E no talho nem está sol. Pelo contrário, o ambiente é muito fresquinho e propício a virulências.
Também fico atónito perante aquela senhora que enche três carrinhos do supermercado com rolos de papel higiénico e com a última vintena de pacotes de guardanapos de papel, ainda existentes na prateleira.

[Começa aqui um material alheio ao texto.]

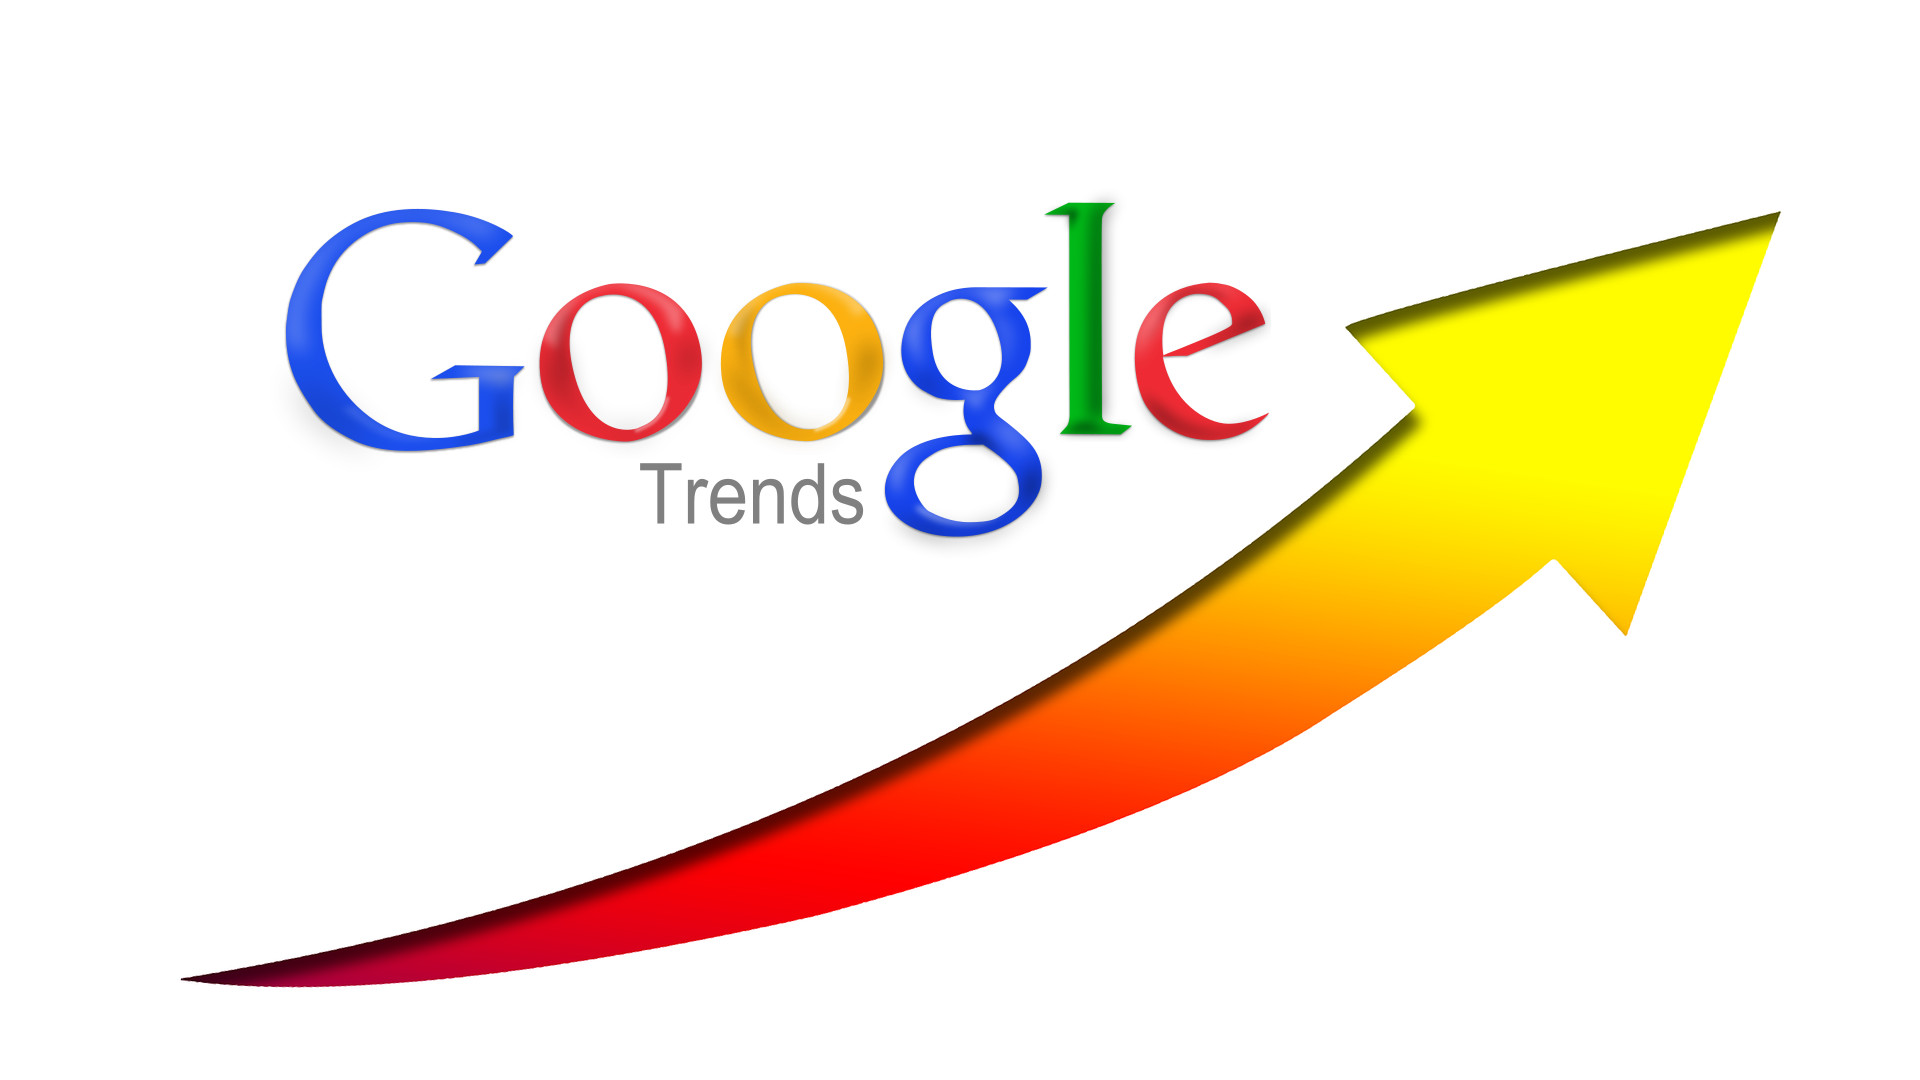 Google, Search Trends, Top 5, Youtube, Mason Vera Paine, Millennial, Google Trends Expert, New York Terrorist Attack, Cheeseburger Emojis, Pyramid of Giza, Lion King Movie, Tiger Woods

Será o receio de alguma pandemia de dejectos?
Ou perante a descontrolada e chorosa funcionária, chamada a trabalhar no seu turno de descanso, porque «isto está pior do que no Natal», debulhada em lágrimas no limiar da exaustão, ainda que soltando risadinhas nervosas perante o despautério aquisitivo de algum cliente do tipo vale-mais-prevenir… apresentando-lhe para pagamento duas dezenas de caixas de comida para cachorro.
E aquele senhor, na feira de Carcavelos, que me disse, ainda hoje, que lhe parecia muito mal o açambarcamento, mas que não era nada mal pensado precavermo-nos para o dia de amanhã, não vá o Diabo tecê-las, e até já tinha um quartinho destinado a armazenar aquelas coisitas que fazem sempre falta… Quando lhe perguntei sobre o papel higiénico, diz-me ele «e porque não?».
Apesar de toda esta gente estar a exercer o seu direito de adquirir o que lhe dê na gana, se calhar, há alguma esquizofrenia nisto tudo… Para não lhe chamar loucura colectiva, claro. Em dois dias, sem qualquer indício de coisa nenhuma, o povo pirou? Este mundo está perigoso!